Vulnerabilities and Failures of Artificial Intelligence in Cyber-security Defenses

Effectively upholding cyber security is undeniably the major challenge of every organization and country. According to Ponemon Institute, endpoint security risks are the hottest issues for organizations to handle. With damage costs of successful cyber attacks exceeding $5 million in 2017, vendors must strive to deliver new complex defense mechanisms that help organizations counter the increasing trend of differentiated attacks.

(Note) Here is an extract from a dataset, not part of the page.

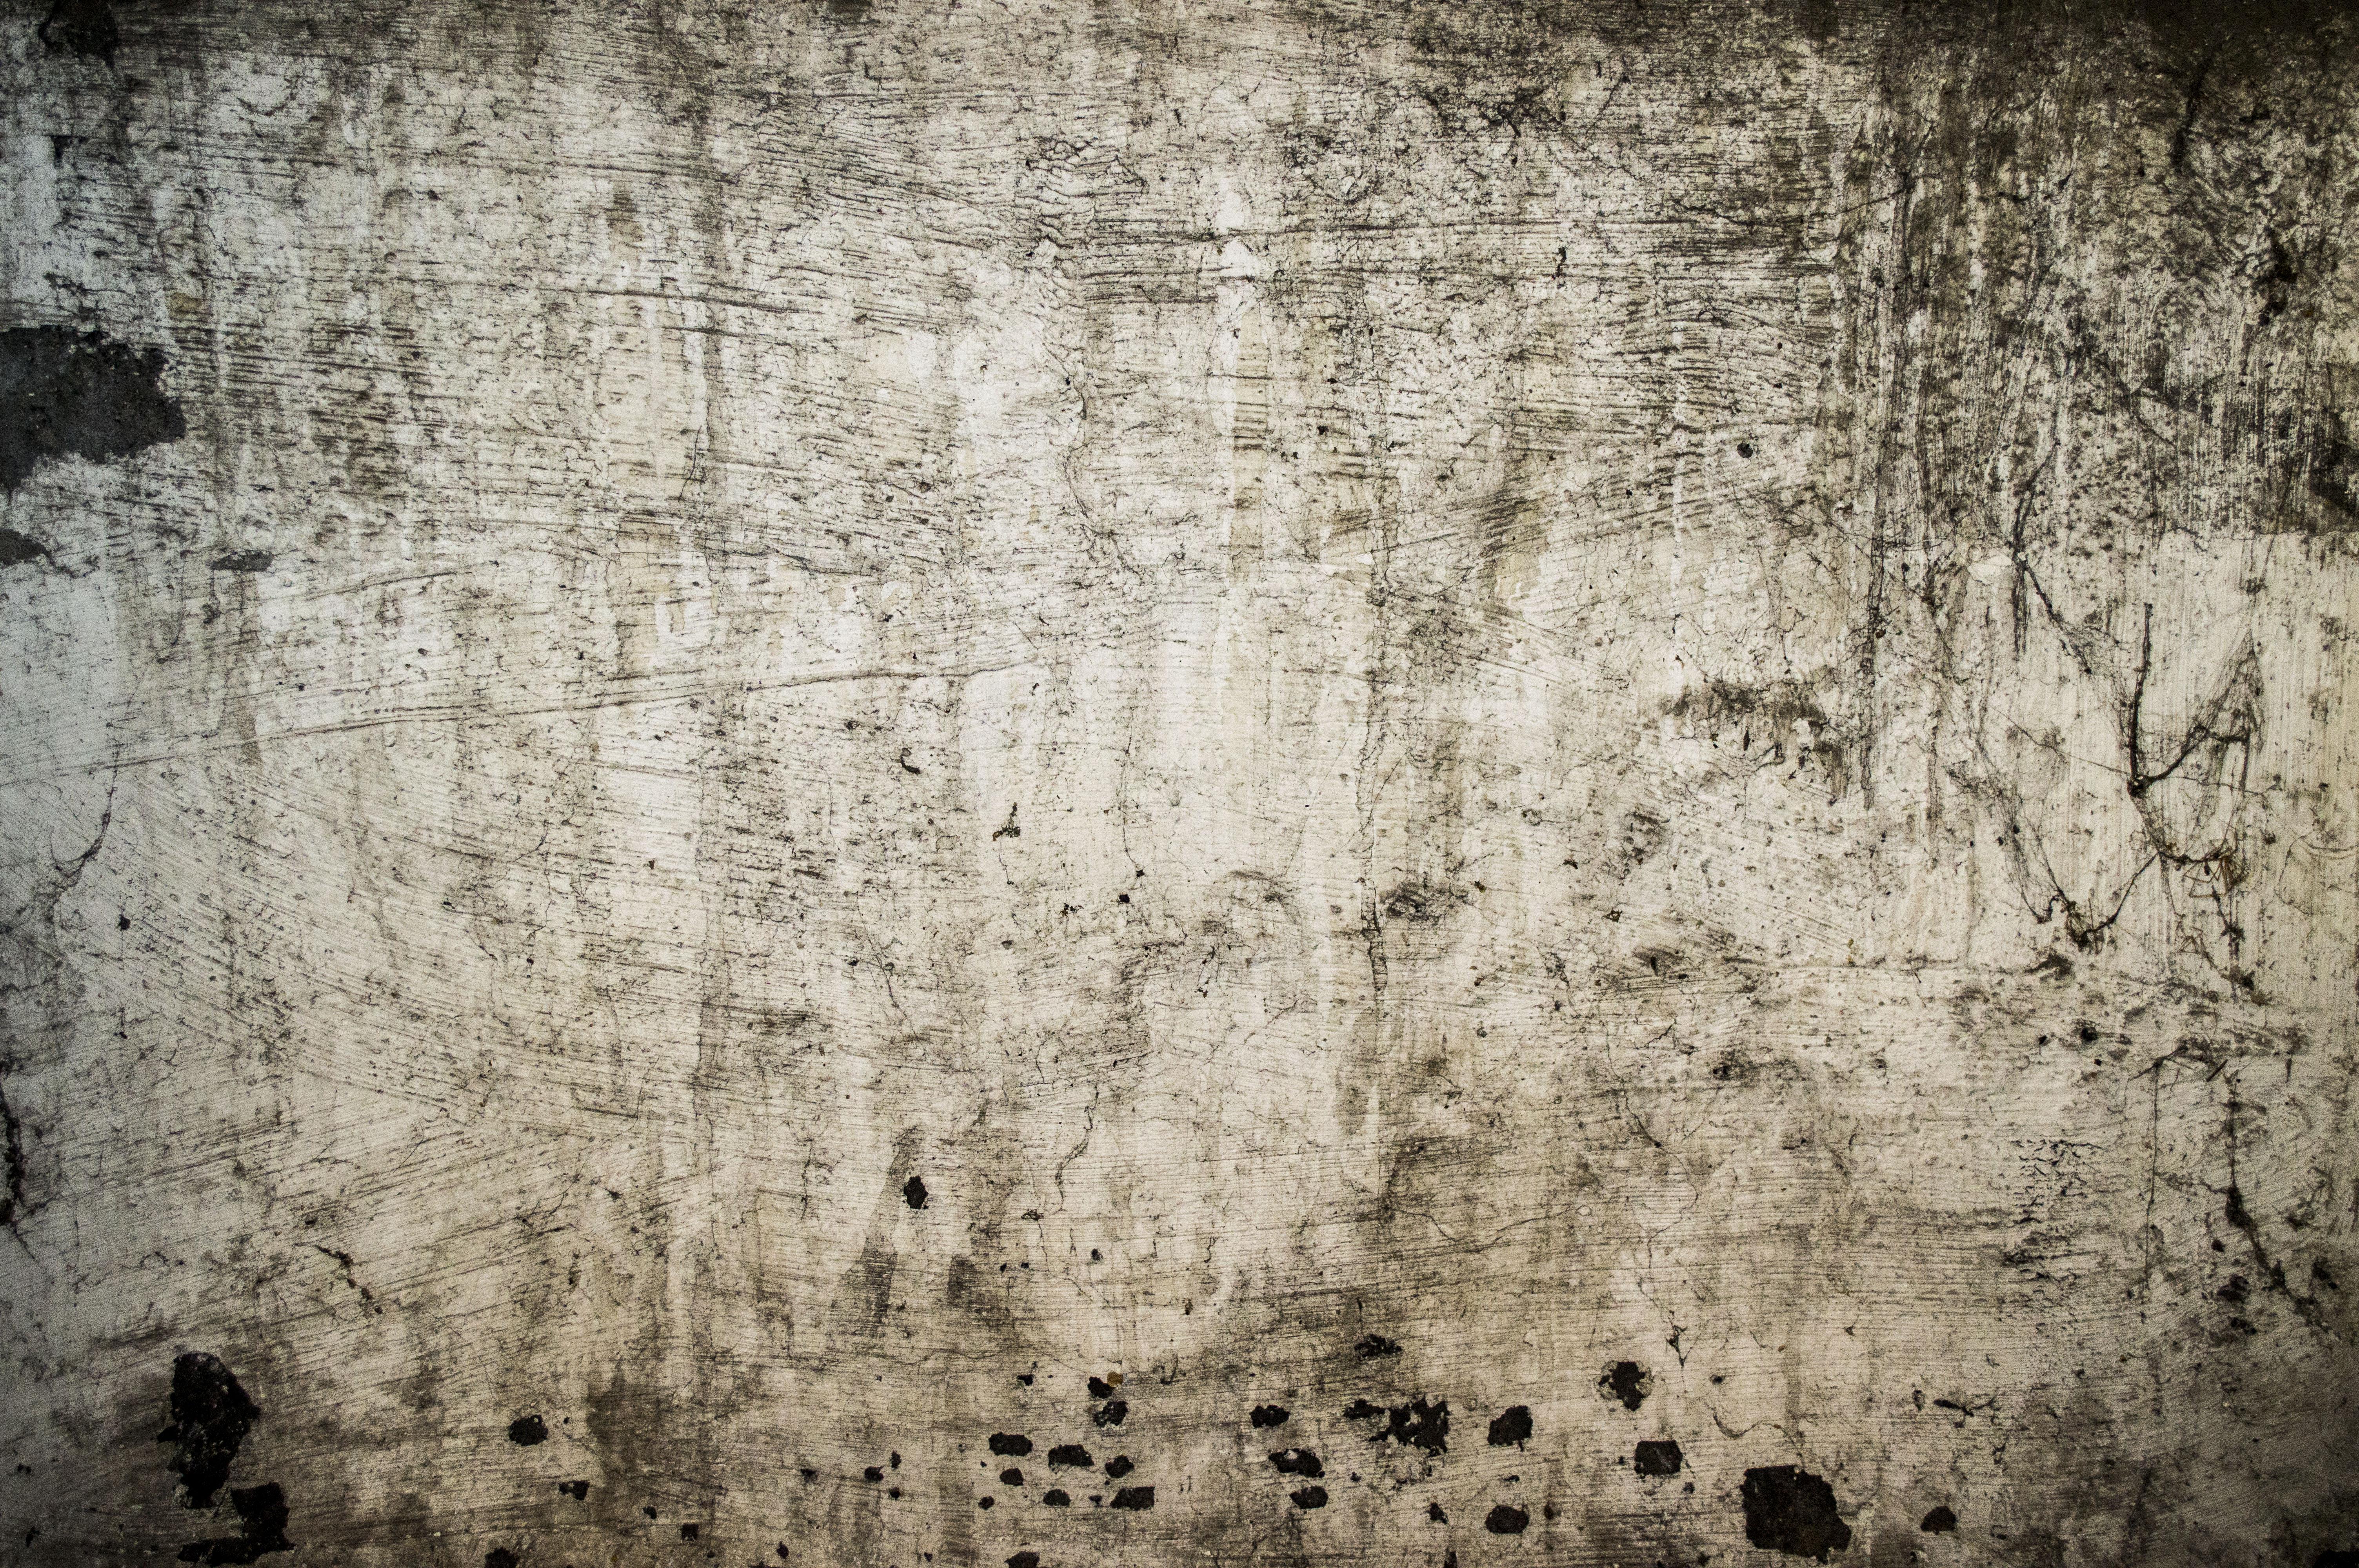 Grunge Stone Wall Texture by sherbatzky on DeviantArt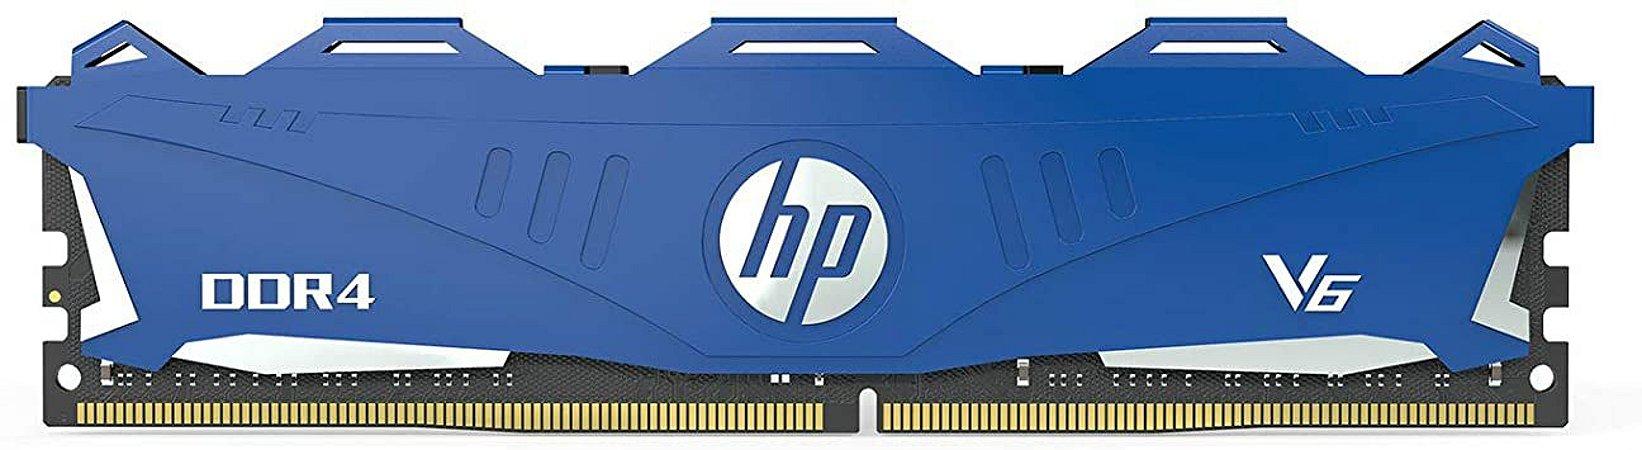 Memória HP V6 Series 8GB DDR4 3000Mhz 7EH64AA - Azul OEM

As cyber threats keep evolving by the minute, numerous vendors have turned to Artificial Intelligence (A.I.) to fortify the building blocks of their cyber security solutions. Hailed as the future of cyber defenses, A.I. has been incorporated into a range of cyber security products with the hope of providing the ultimate protection against all cyber attacks – a universal vaccine against all maladies. By analyzing historic threat activity using algorithms powered by neural networks, researchers state A.I. can be left to train itself and thus improve malware detection.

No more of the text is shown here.